What you should do » Starting with the line that holds "Directoryview" and stopping after the line that holds "Buy this Featuring", repeat the lines below word for word, without the pictures.

Data extracts »
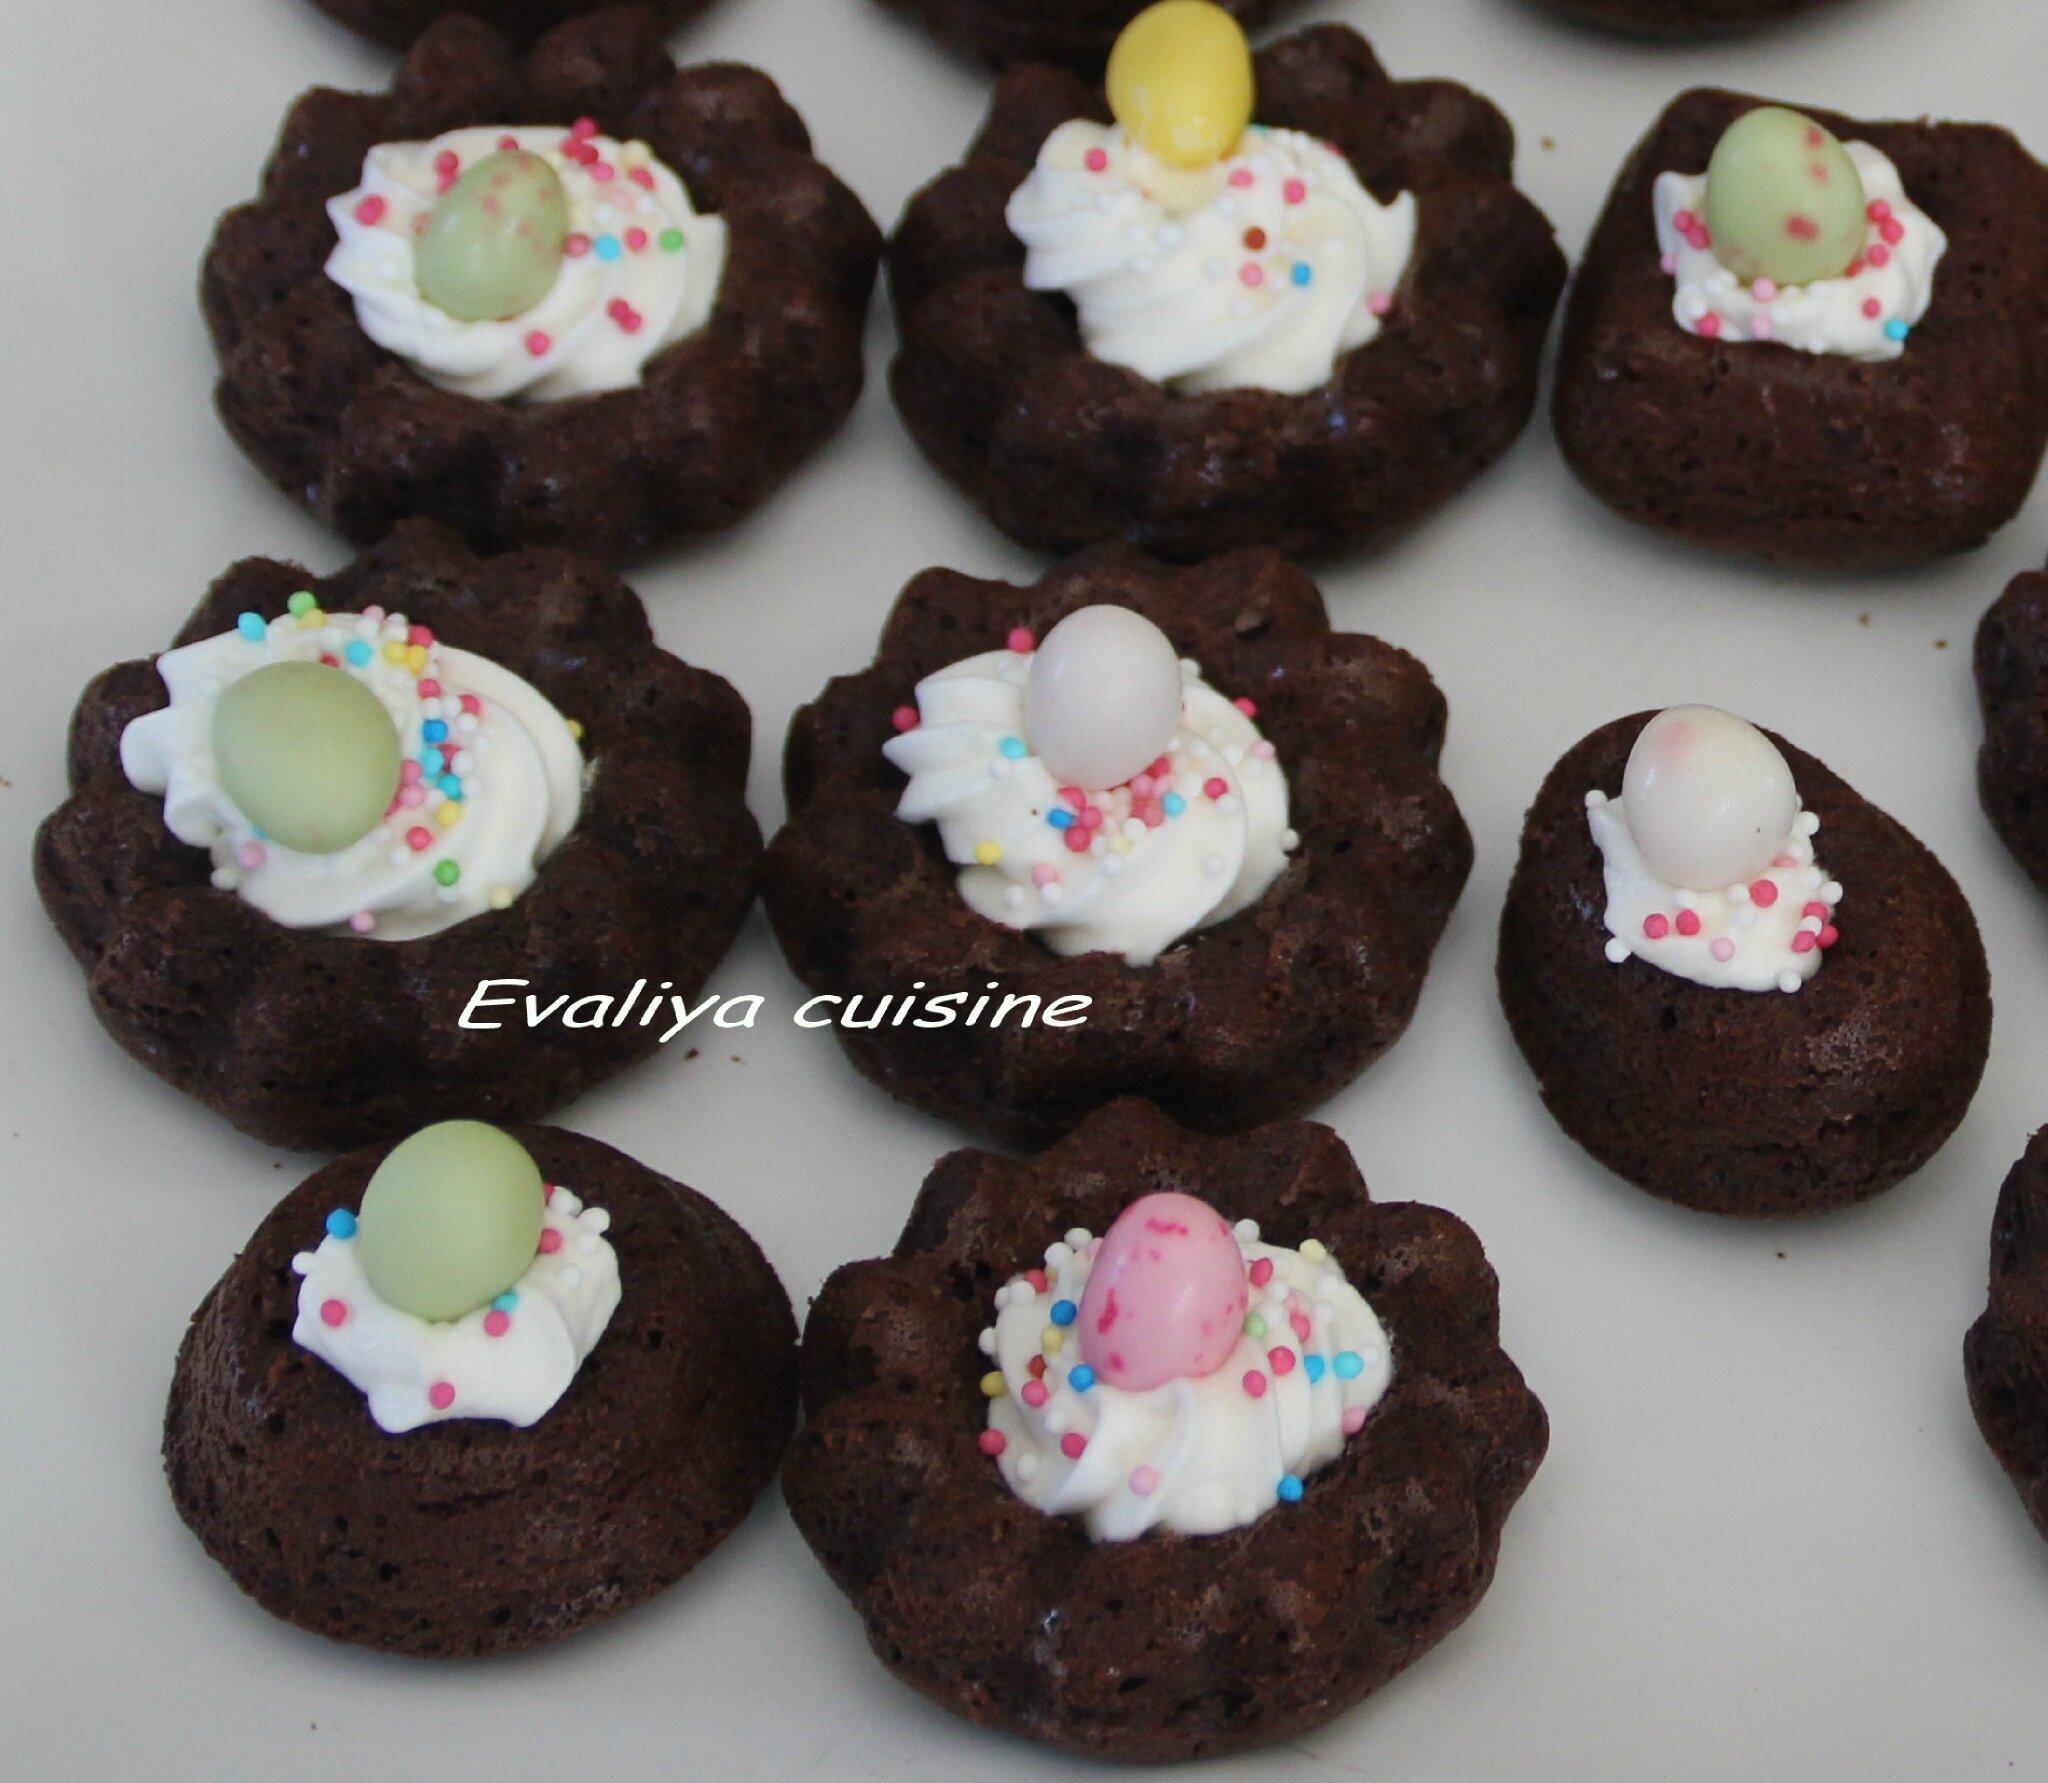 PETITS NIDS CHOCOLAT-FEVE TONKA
...
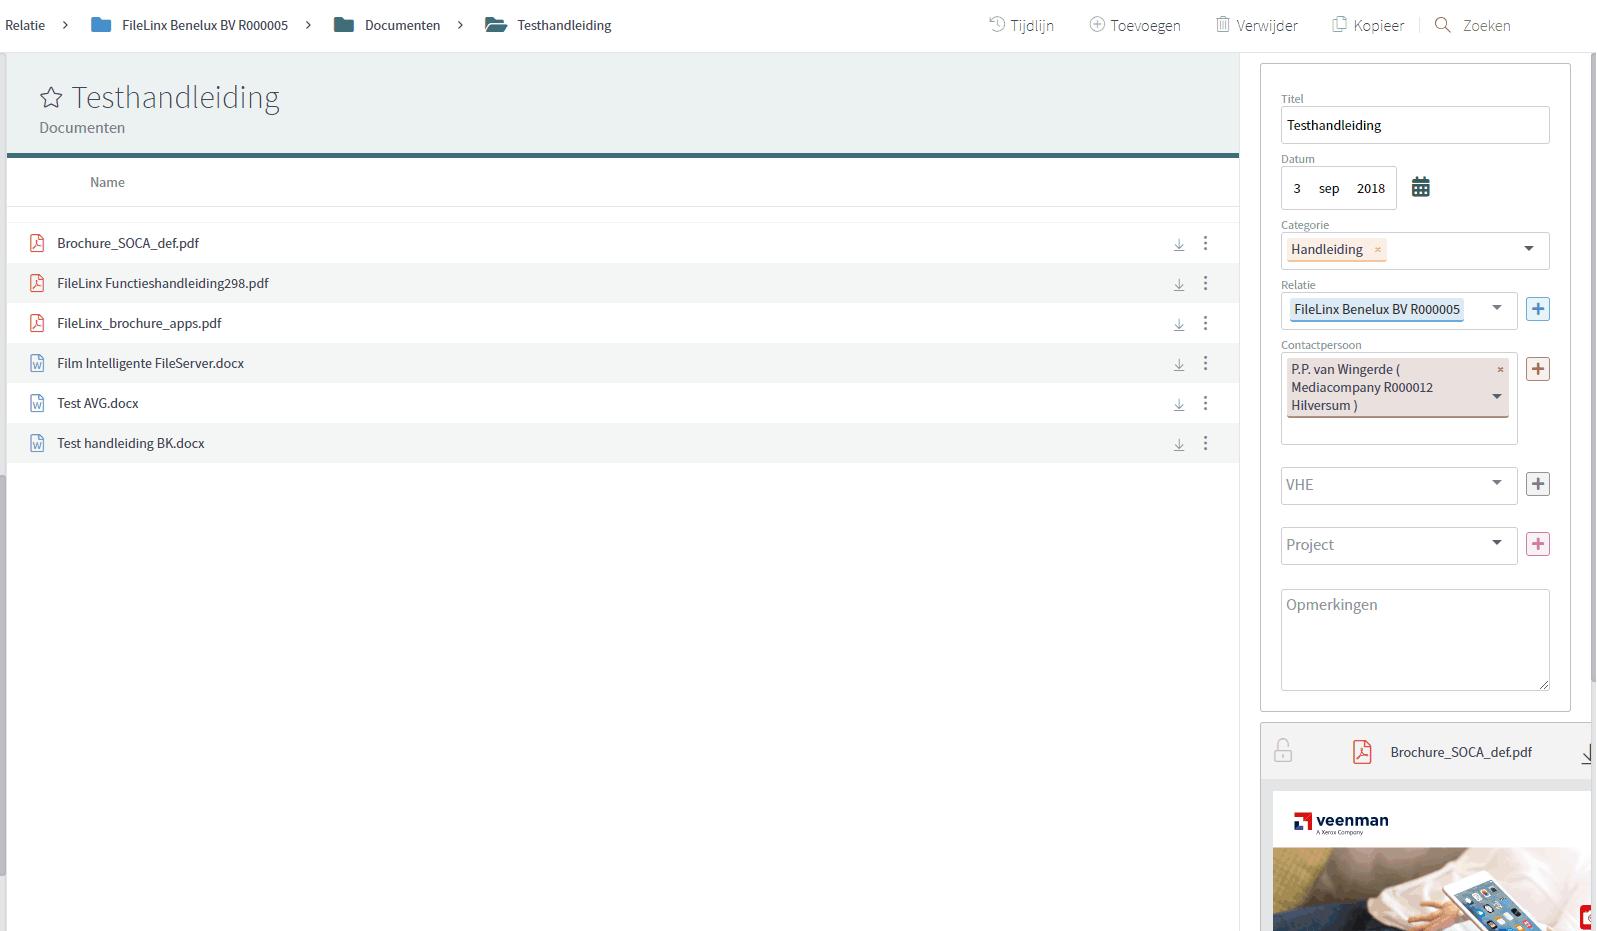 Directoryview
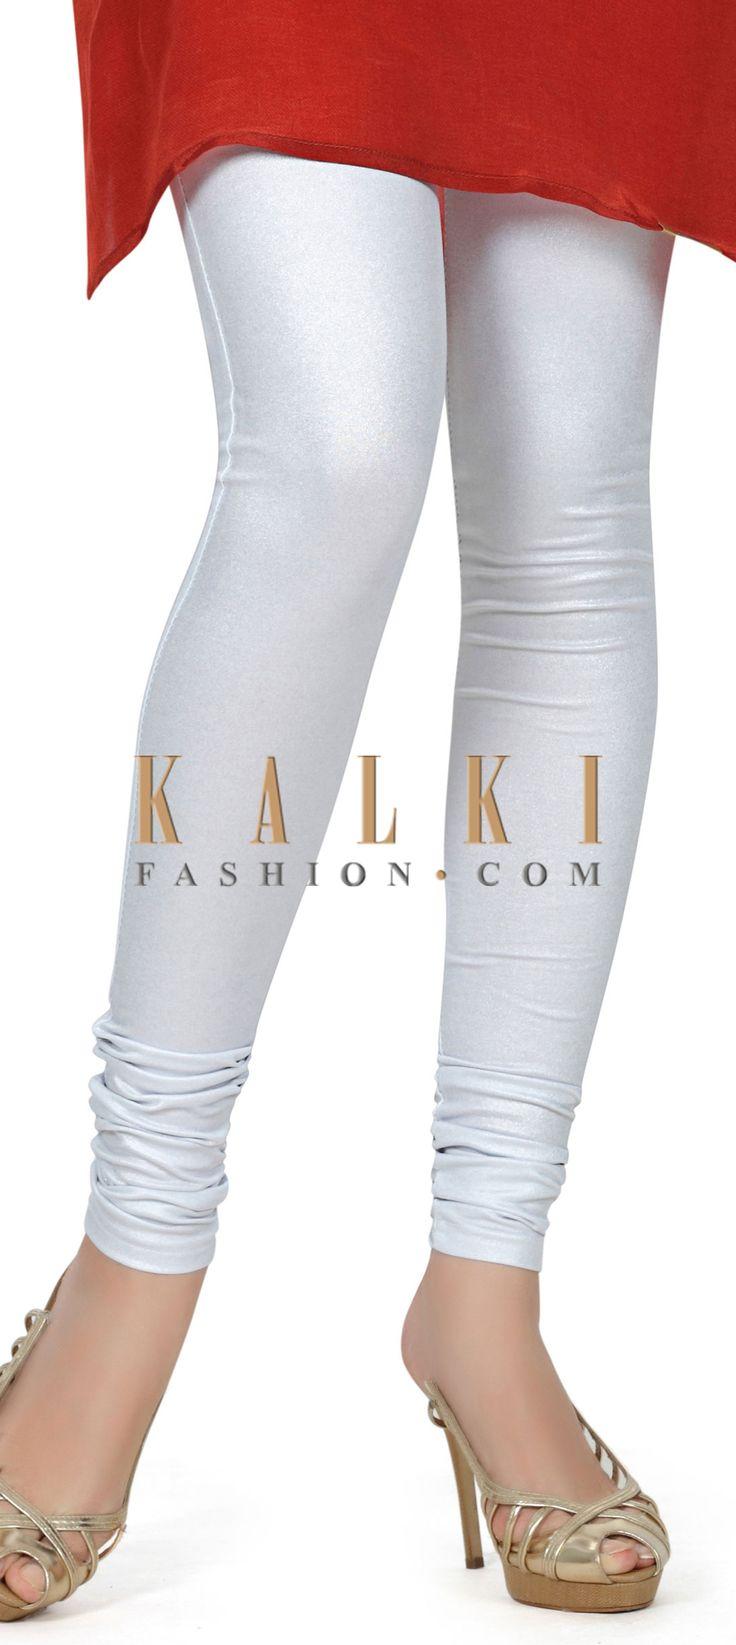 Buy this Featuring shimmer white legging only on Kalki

Answer to this exercise »
 Directoryview
 Buy this Featuring shimmer white legging only on Kalki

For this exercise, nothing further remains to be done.